Work task:
Look through the entries below and copy exactly the part that begins with the line containing "Jewyow Light Up" and ends with the line containing "essay-three-final-english-202-caring-for-others-as-a-college". Do not copy the pictures.

Given records:
------------------------------------
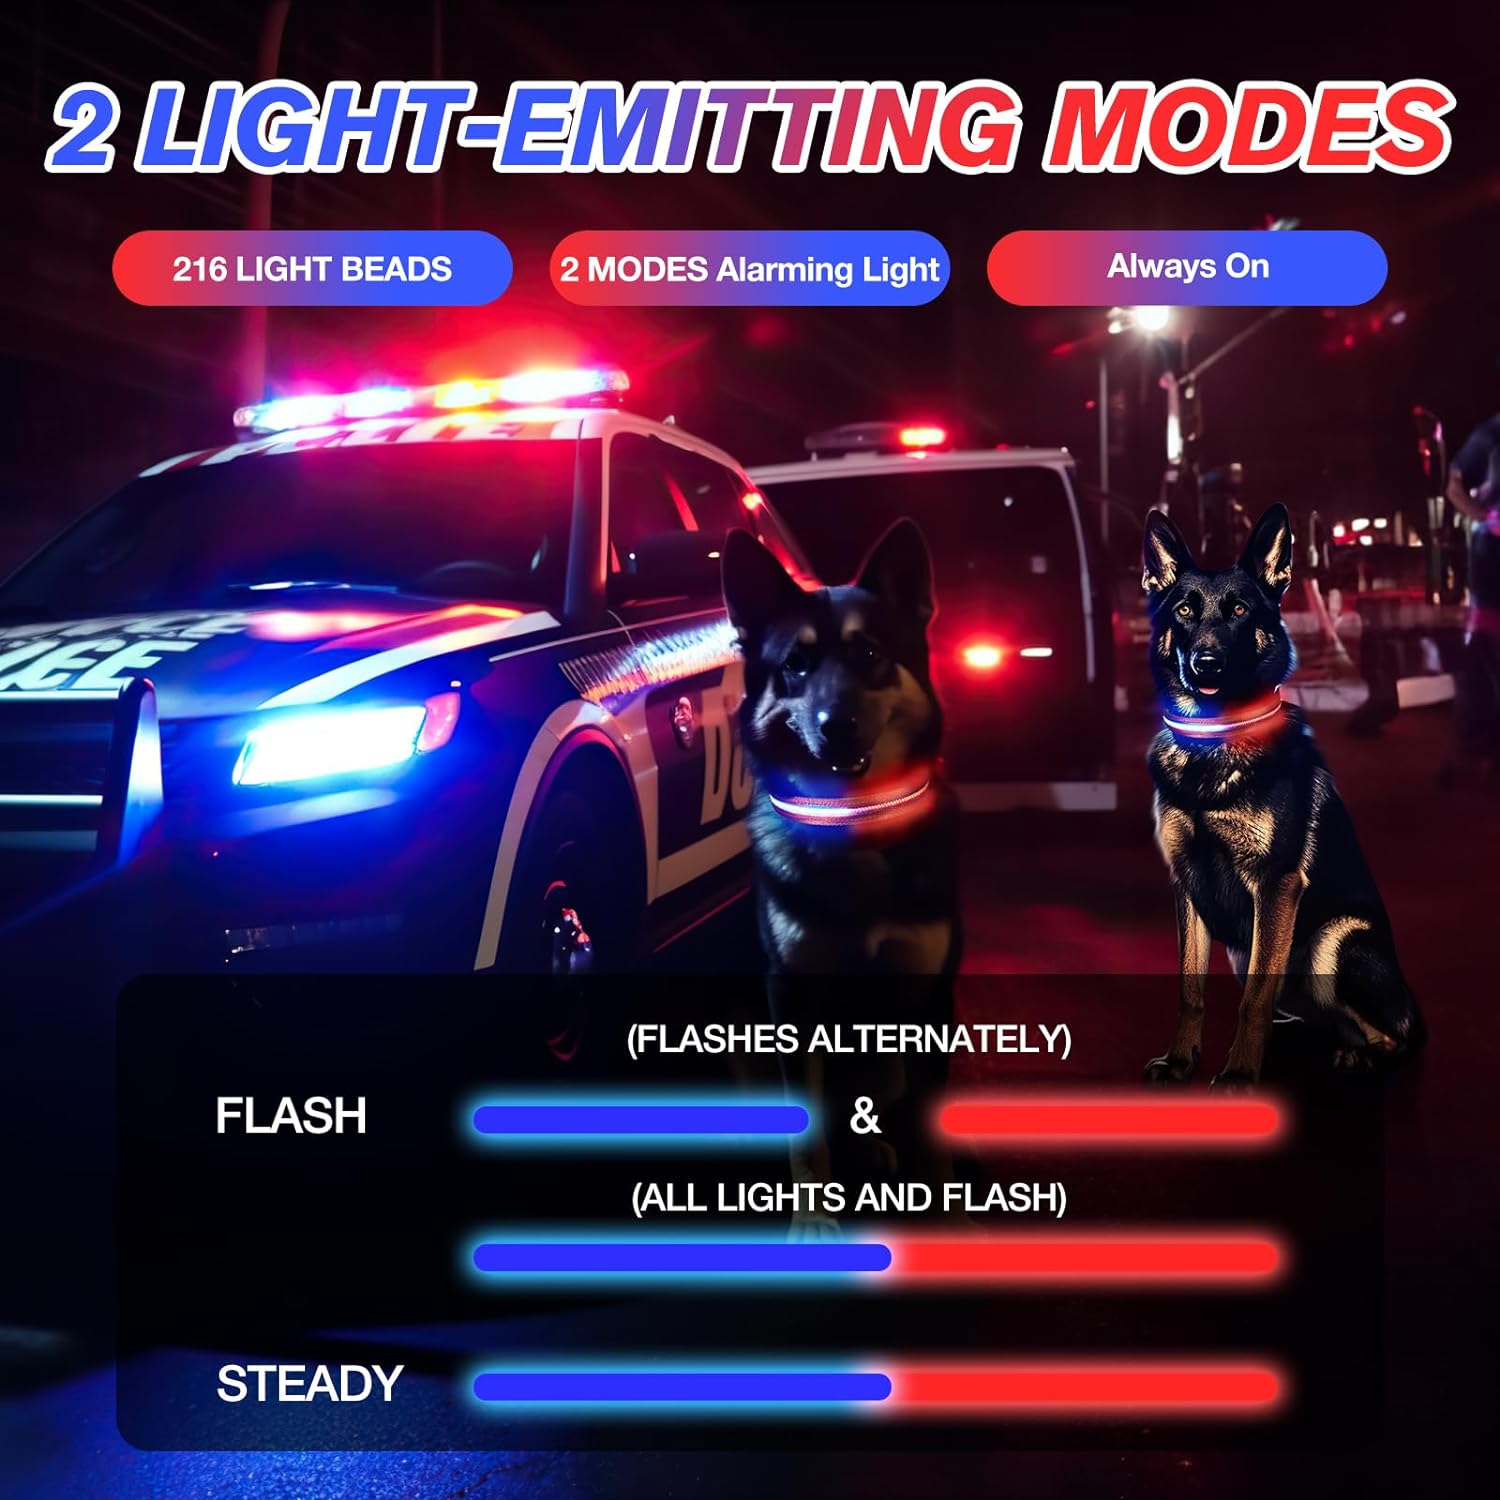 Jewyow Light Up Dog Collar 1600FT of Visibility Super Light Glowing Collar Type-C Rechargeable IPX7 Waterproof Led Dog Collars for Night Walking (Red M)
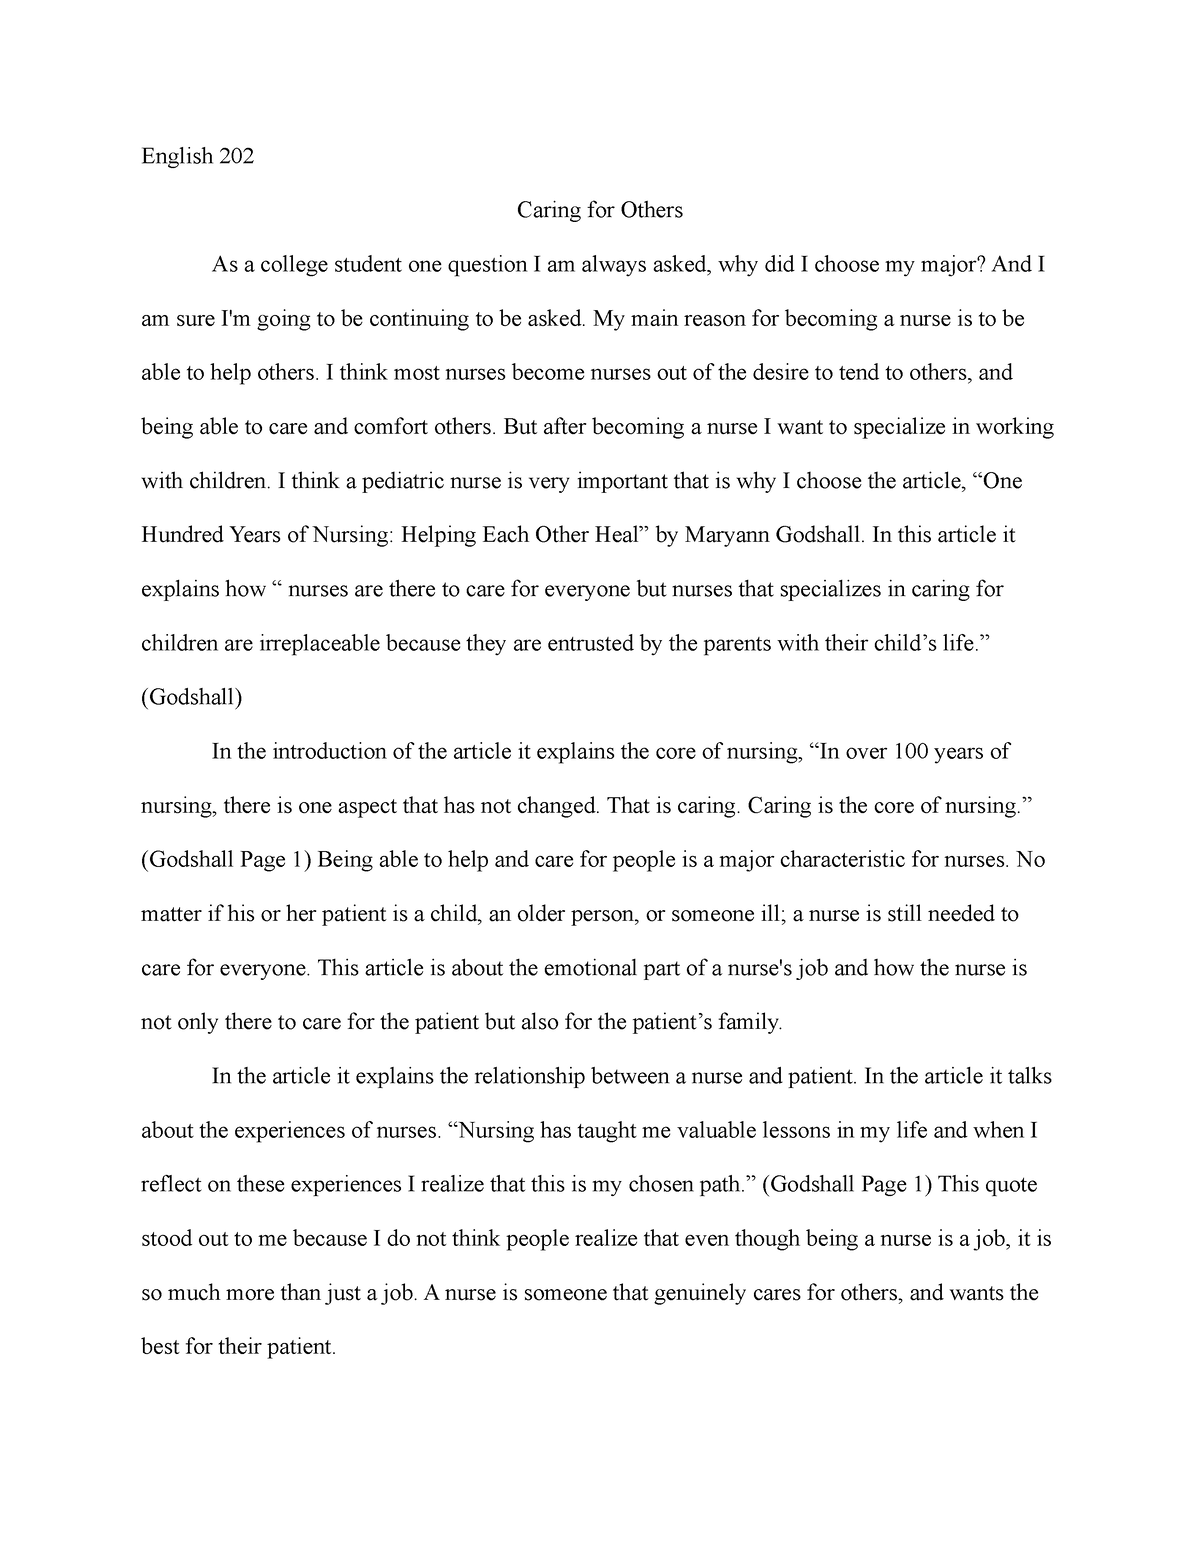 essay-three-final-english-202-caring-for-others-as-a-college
------------------------------------
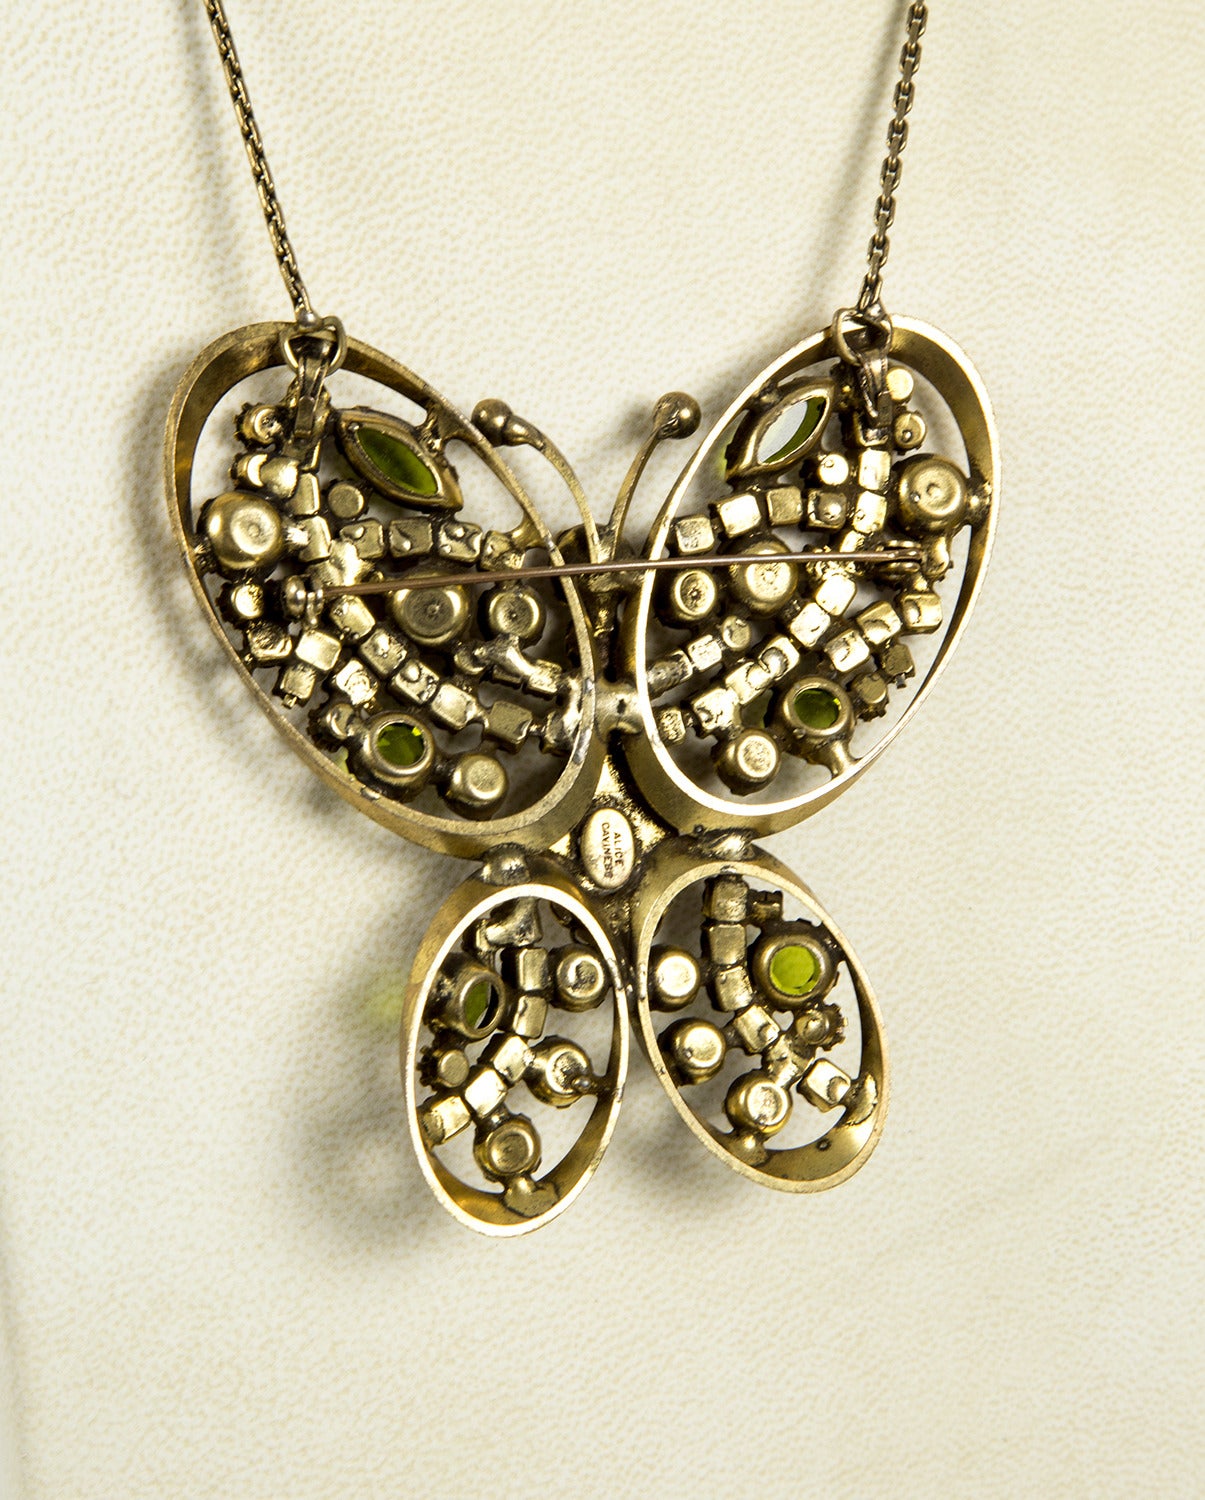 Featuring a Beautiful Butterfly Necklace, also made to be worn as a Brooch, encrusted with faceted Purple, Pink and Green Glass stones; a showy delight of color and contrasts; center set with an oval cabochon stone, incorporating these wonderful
------------------------------------
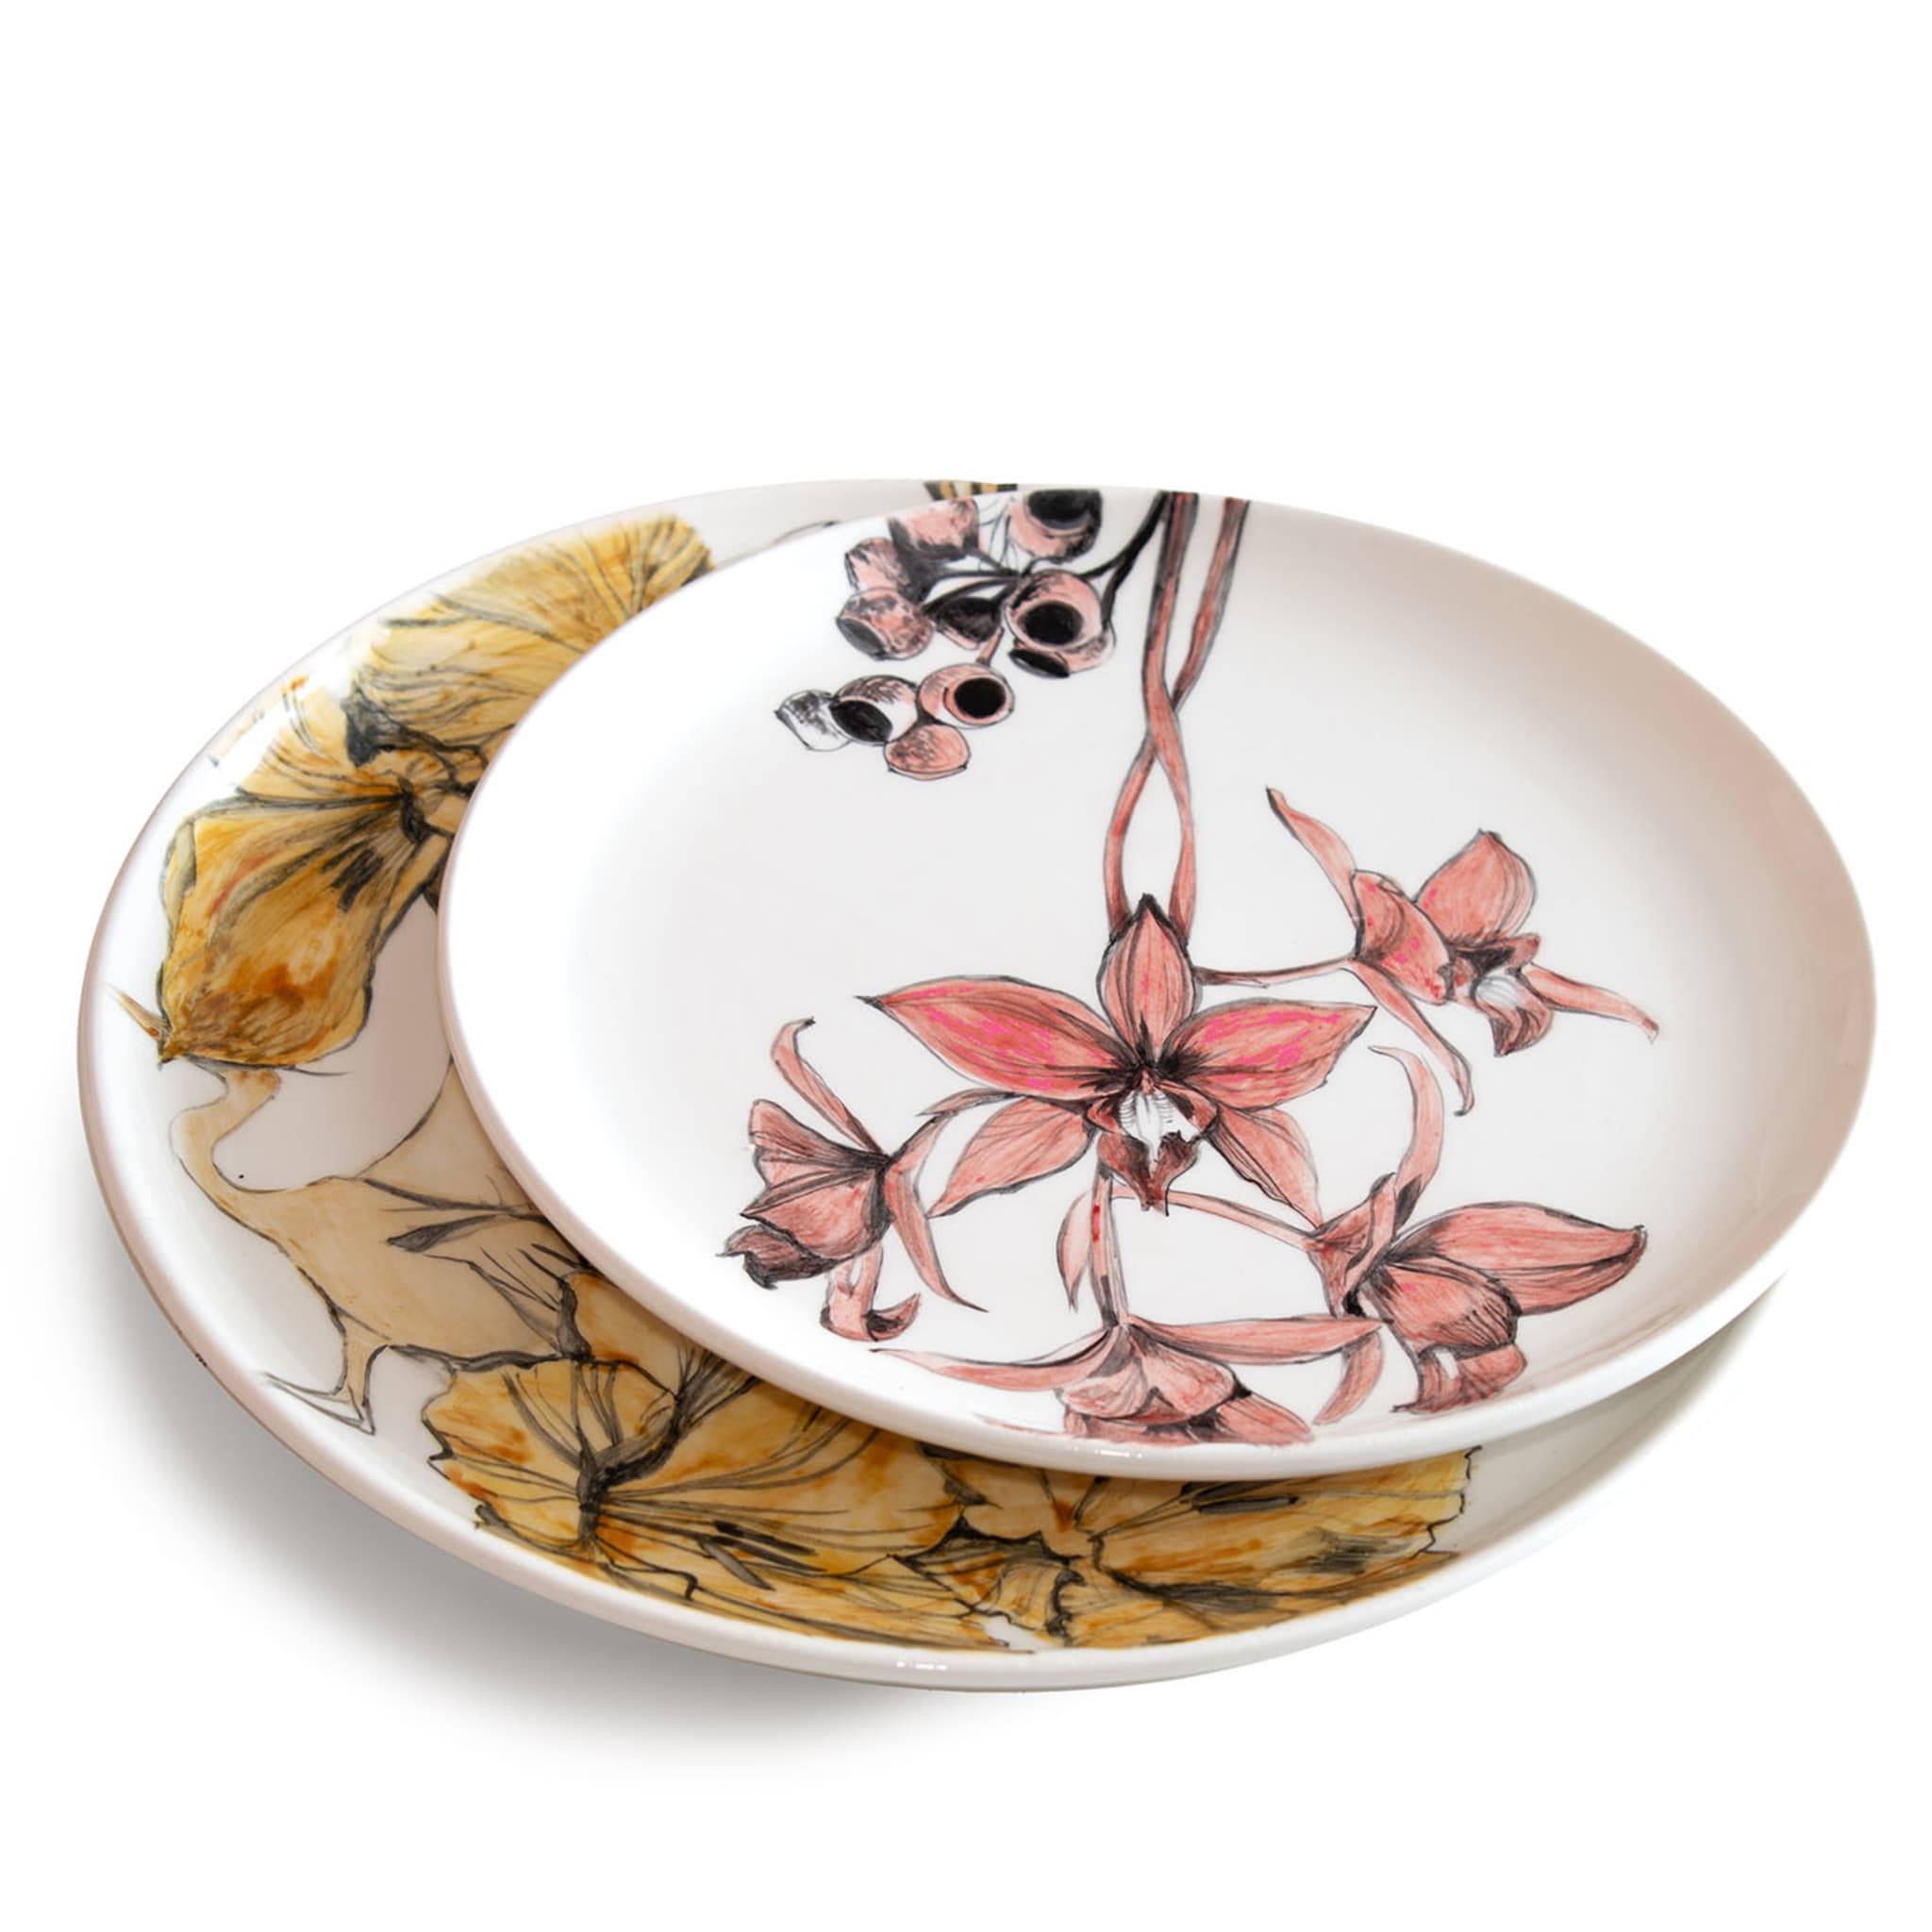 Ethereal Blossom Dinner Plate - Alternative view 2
------------------------------------
Task solution:
 Jewyow Light Up Dog Collar 1600FT of Visibility Super Light Glowing Collar Type-C Rechargeable IPX7 Waterproof Led Dog Collars for Night Walking (Red M)
 essay-three-final-english-202-caring-for-others-as-a-college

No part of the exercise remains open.